Digital storytelling reinforces this dialogue between brands and consumers. It designates a 'narrative material that reaches its audience via digital technology and media' (Miller, 2012, p. 4). By enabling so, the audience can actively interact with the shared content (ibid). In fact, ads that incorporate storytelling prompt higher narrative transportation (Dessart, 2018). Consequently, companies experience increased ‘brand awareness, comprehension, empathy, recognition, recall and provides meaning' (Singh & Sonnenburg, 2012, p. 189). To achieve these corporate outcomes, narrated stories must integrate a message, conflict, character, and a plot (Kaliszweski, p.9). Firstly, stories must present underlying lessons. These confer a message to the receiver (ibid). Companies send messages to consumers through their 'core story and values' (Blaziceck). Secondly, the conflict solicits the story’s development. Indeed, individuals seek stability; hence conflict incentivises the receiver to act upon it (Blaziceck). Thirdly, the recipient must identify with the story’s characters to emotionally connect with the brand (Fog et al., 44). Fourthly, the plot must evolve three stages: the scene's settlement, a change prompted by a conflict and conflict resolution (ibid). Overall, traditional storytelling determines successful digital storytelling. The Female Lead is encouraged to consider this marketing practice to guide companies towards efficacious female empowerment messages.

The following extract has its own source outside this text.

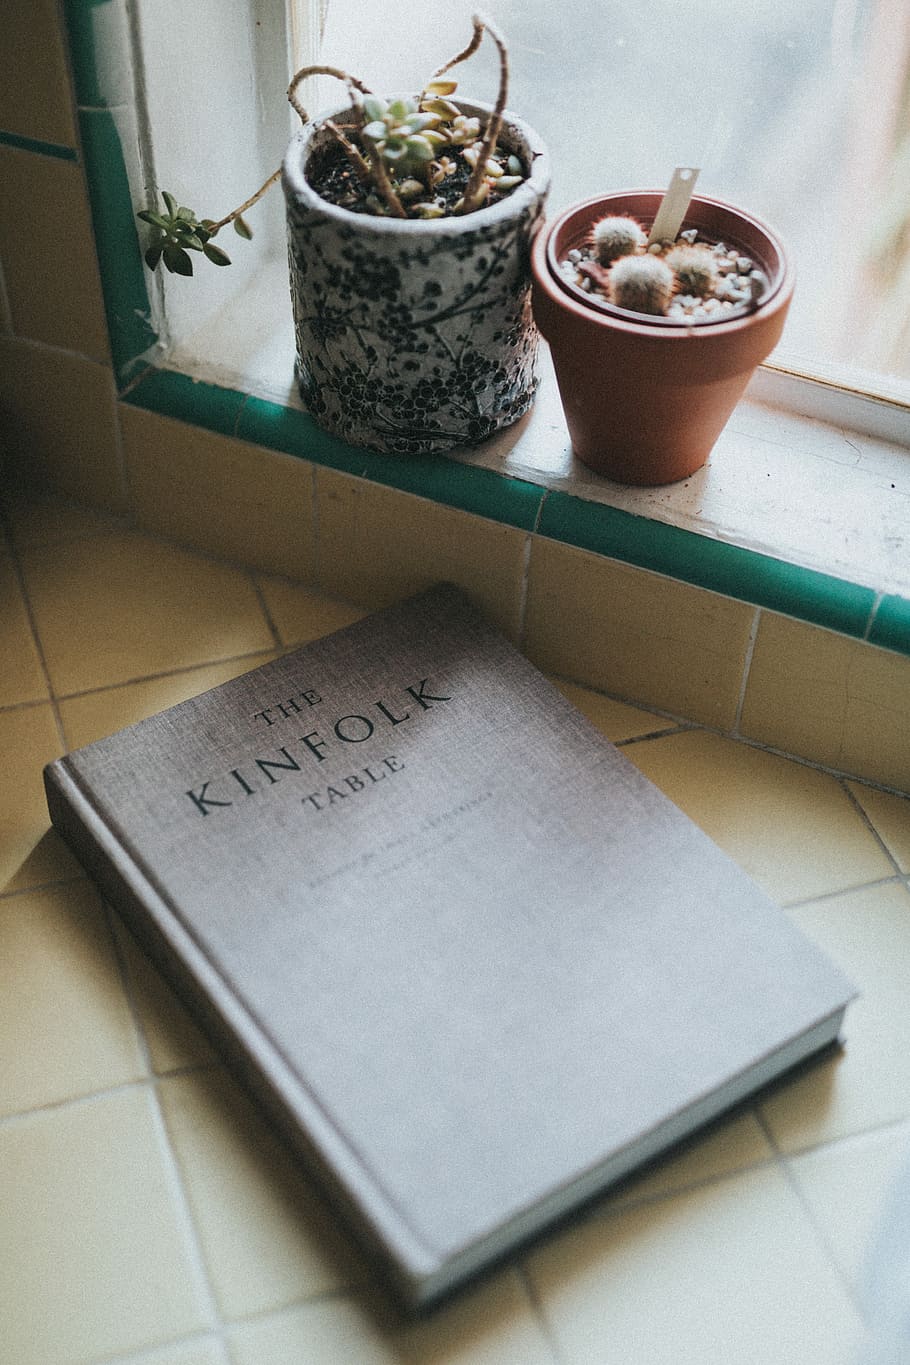 The Kinfolk Table near cactus plant, The Kinfolk Table book beside plant pots on brown surface, HD wallpaper

Amongst its various uses, digital storytelling is paramount in brand activism. It permits companies to declare their social positions to consumers in a persuasive manner (Dassart, 2018). Brand activism refers to a 'purpose and values-driven communication around an activist stance on socio-political issues' (Vendreburg et al., 2020, p.9). Then, companies adjust their practices to the pursued stance. Indeed, companies must align their purpose, values, messages and action.  If not, they suffer from wake washing (ibid). Contrarily, when brand activism is authentic, companies derive favourable brand impressions and brand equity (ibid). Brand equity illustrates a core element of brand identity. Remarkably, it is the distinct impact that brand awareness has on consumers' reaction to brand advertising (Keller, 1991). 

According to the Brand Equity Model, five assets build brand equity. These encompass brand loyalty, awareness, associations and perceived quality (Aker, 1991). Loyalty denotes the consumer's attachment with the brand (ibid). When brands possess committed consumers, they achieve greater brand awareness. The latter symbolises the ease with which one recognises the brand. The higher the brand awareness is, the more likely consumers are to form brand associations. Indeed, companies want consumers to develop favourable attitudes toward the brand (ibid). This is also promoted by perceived quality. It ensures differentiation from other brands. Overall, companies that perform authentic brand activism distinguish themselves in consumers' eyes. 

A developing marketing practice within brand activism is fem-advertising. The latter illustrates 'advertising that employs pro-female talent, messages, and imagery to empower women and girls' (SheKnows Media, 2015). Female audiences acknowledge fem-advertising for featuring empowered instead of objectified women portrayals (Abitbol, 2016). For fem-advertising campaigns to be successful, they must exhibit female abilities. Further, their messages must be supportive of females. Indeed, campaigns must counteract stereotypes and societal expectations that limit women (Becker-Herby, 2016). Besides female audiences, also companies benefit from fem-advertising. They gain a positive brand attitude and experience higher purchase intentions (Drake, 2017, p.597). 

Overall, concepts of digital storytelling, brand activism, brand equity and fem-advertising contribute to successful company female empowerment.